Although we were taught about three kinds of time in school – past, present, and future – as adults we often forget what is happening to us here and now. Our thoughts are constantly revolving around past events or scenarios of what might happen tomorrow, a month or a few years from now. Weakening our awareness through such thinking can have a destructive impact on our daily functioning, well-being and health.
About the art of mindfulness
Did you know that before you get angry, sad, or some other unpleasant state, your body gives you very discreet signals about the negative emotional consequences that are going to happen? Most of us lose the ability to look at these little protective signs our body gives. Living in distraction, we stop enjoying what surrounds us, and our body becomes increasingly troubled. Over time, we become apathetic, stressed, easily furious, have trouble sleeping, with no control over the feeling of fatigue. We see causes in our work or daily duties, however, the source of the problems lies deep within ourselves.
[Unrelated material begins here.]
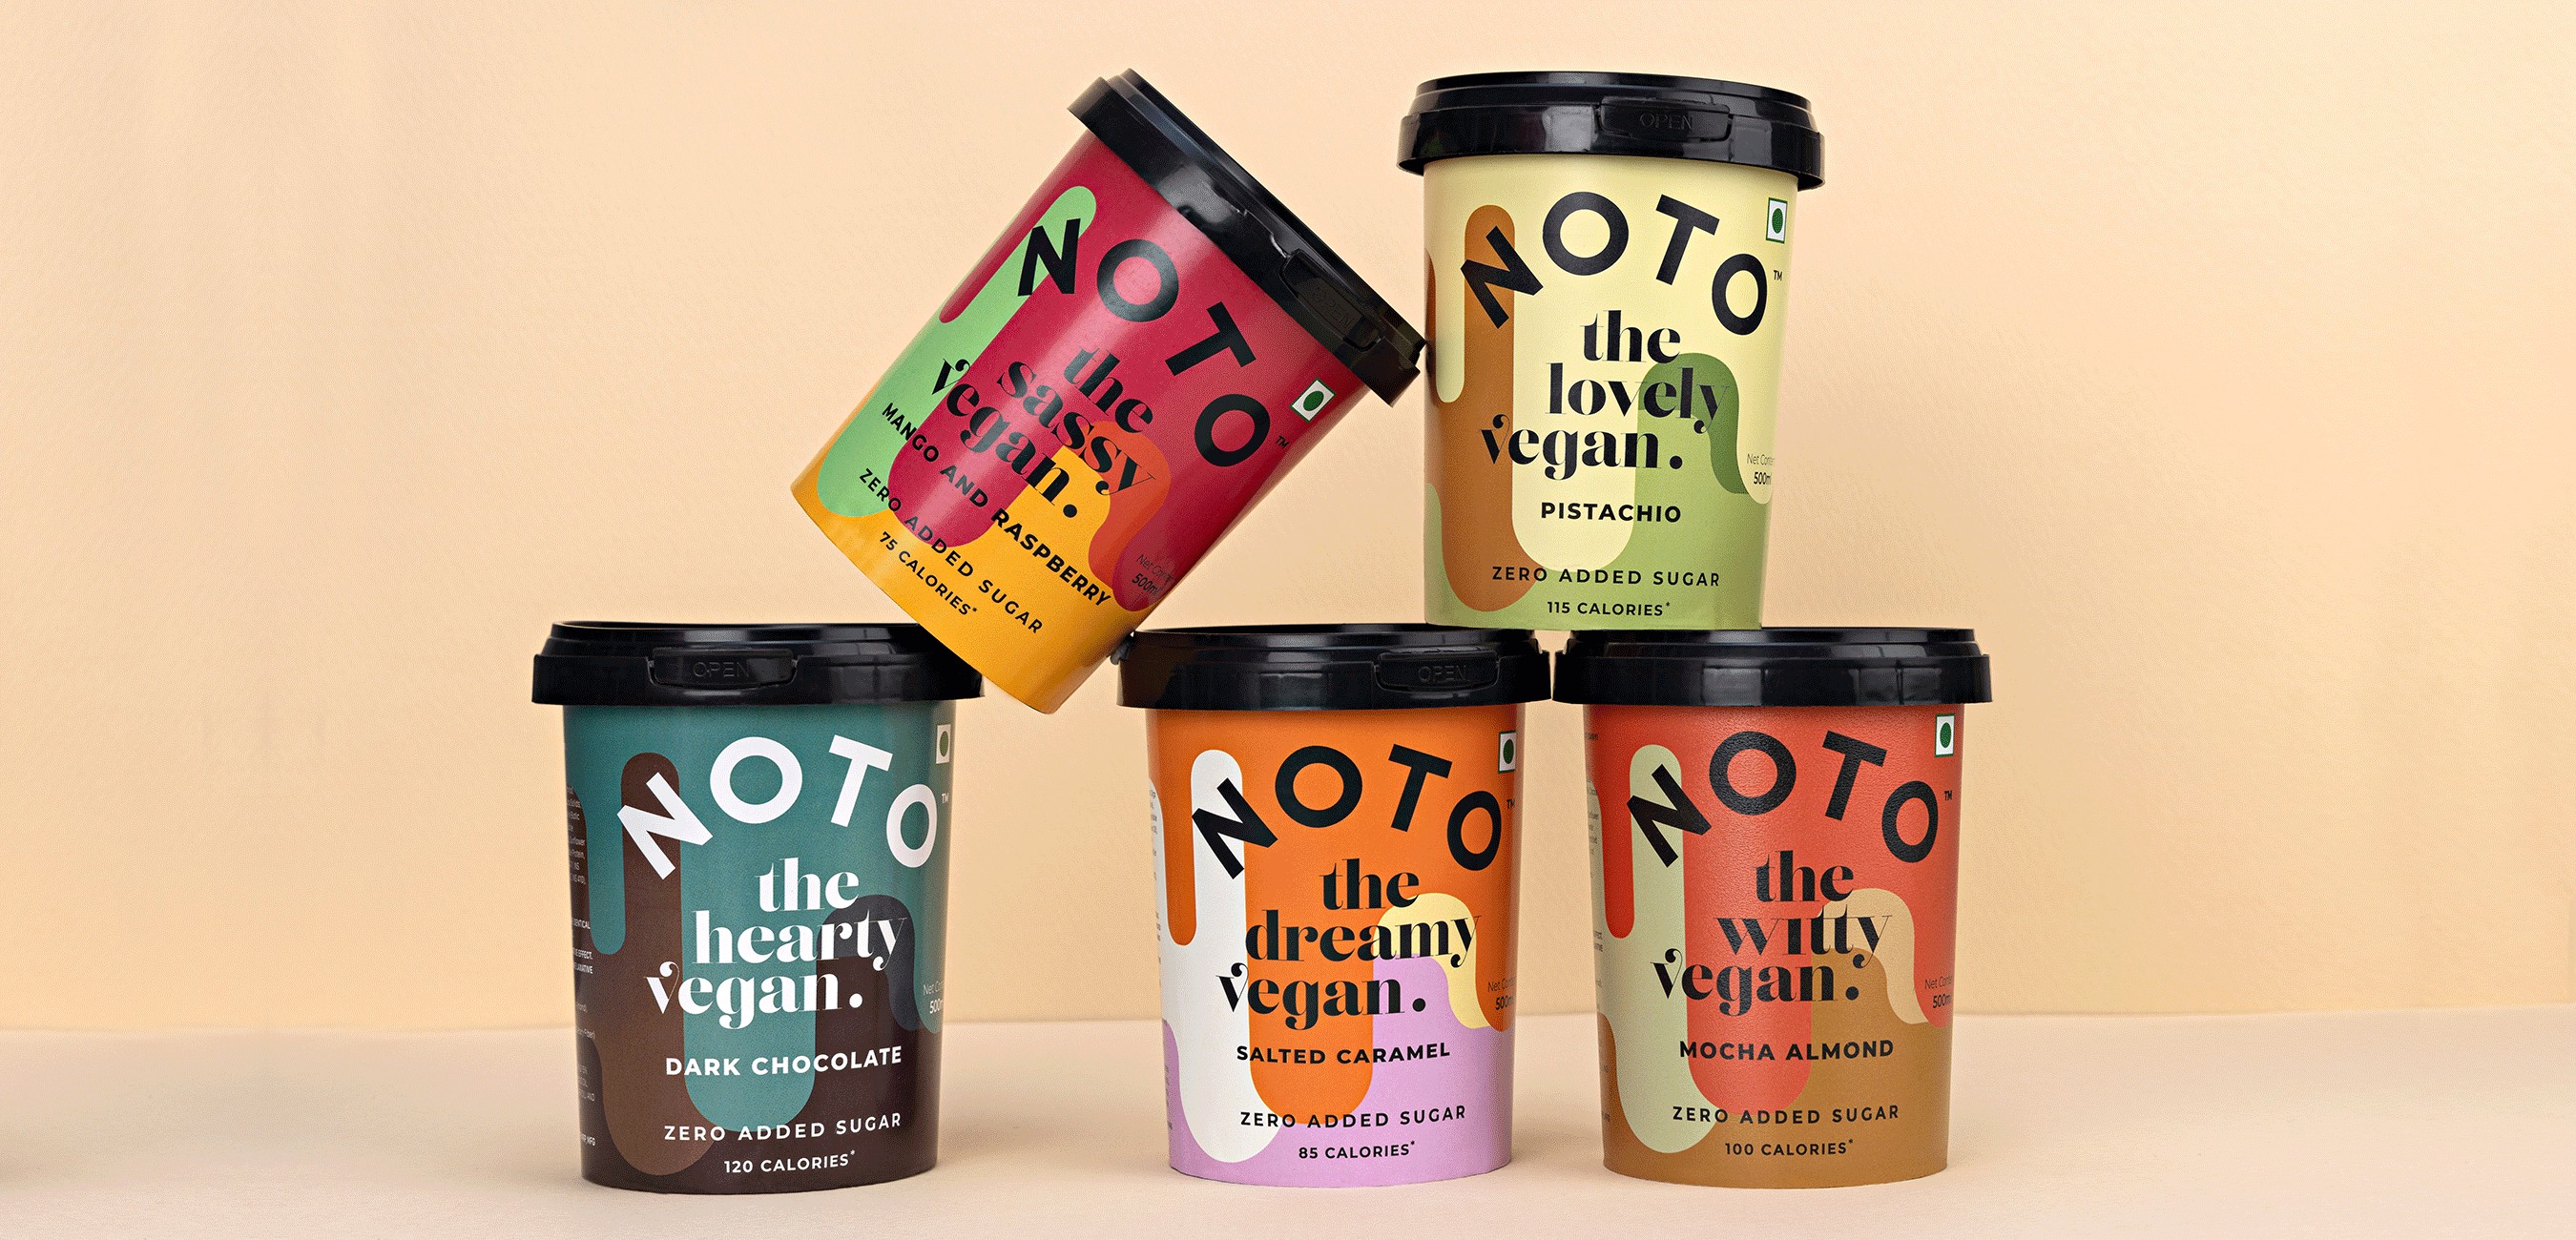 Noto Vegan ice Cream Packaging Design

Special MBSR (Mindfulness-Based Stress Reduction) exercises involving breathing, body and imagination play a significant role in mindfulness training. Systematic training will allow you to acquire the ability to look inside yourself, be aware of being in a given moment and feel those emotions, as well as inhibit negative reactions to stress.
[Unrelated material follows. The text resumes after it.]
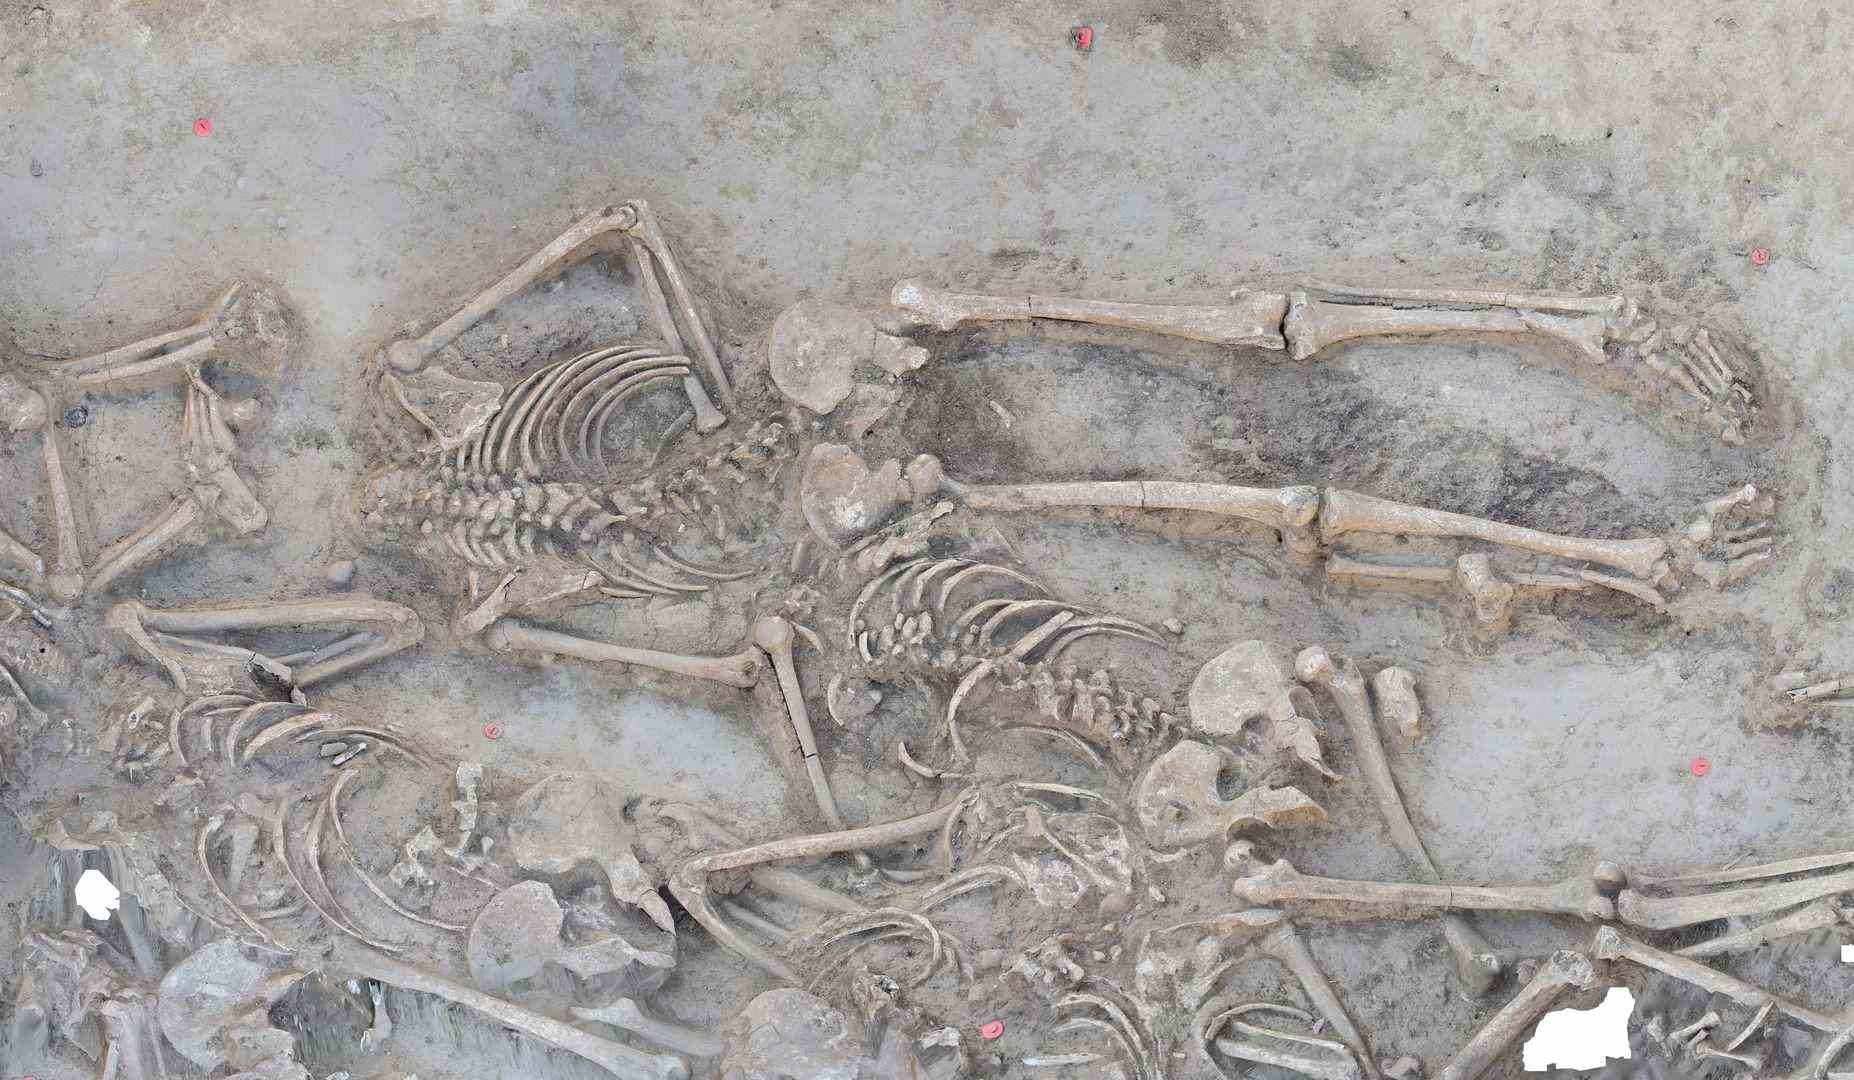 Археологи нашли неолитическое захоронение с безголовыми скелетами

How to train to be here and now? Here are simple techniques that you can use almost anywhere, anytime.
1. Scanner
This exercise directs your attention to the sensations flowing from specific parts of your body. Just as the laser of a scanner moves slowly from one side of a piece of paper to the other, your mindfulness must do similar work on your body. Concentrate carefully on the feeling of the head, neck, shoulders, hands, fingers, torso until you reach the toes. Over time, deepen this training and try to feel smaller and smaller parts of the body – lips, ears, fingertips, etc. This exercise strengthens the ability to consciously redirect attention, collect information from the body, and accept the here and now without judgment.
2. Sensory and touch
Sensory therapy is associated mainly with the treatment of integration disorders in children, but therapists often use these methods for adults struggling with neurosis, insomnia or chronic stress. Mindfulness in the context of sensory exercises may be touch-based at first, i.e. trying to analyse the structure, material, roughness, size and sensations of the things you are holding in your hands. Remember as many details as possible about experiencing this touch and the emotions that accompany you. It may also be a good idea to use a blanket or sensory blanket to help you calm down and soothe your nerves, and to relax more quickly.
3. Focus on your breath
Note, this exercise is not about regulating your breathing, deepening it, or slowing it down. Focusing on this activity in the context of learning mindfulness consists of consciously observing the breathing process, looking at what it is at a given moment and what signals it sends. Your attention should be focused on how the air flows through the various parts of the body from the nose, through the throat, to the diaphragm. Do not change your breathing and its flow – check whether it is accelerated, shallow, deep on a given day, how the ribs move under its influence, etc.
4. Raisin
The best-known version of this exercise uses raisins, but the practice can involve any meal or activity. It consists of engaging only one sense at a time while eating a raisin (apple, bar, carrot). First, the sight that observes the object – we observe shapes, structure and colour. Then we focus all our attention on touch and the experience associated with it, and in a moment, we engage the sense of smell. Shifting your attention to the individual senses one by one will allow your attention to concentrate on what is here and now and move away from the past and the future. Exercise also makes it easier to consciously read stimuli coming from the senses.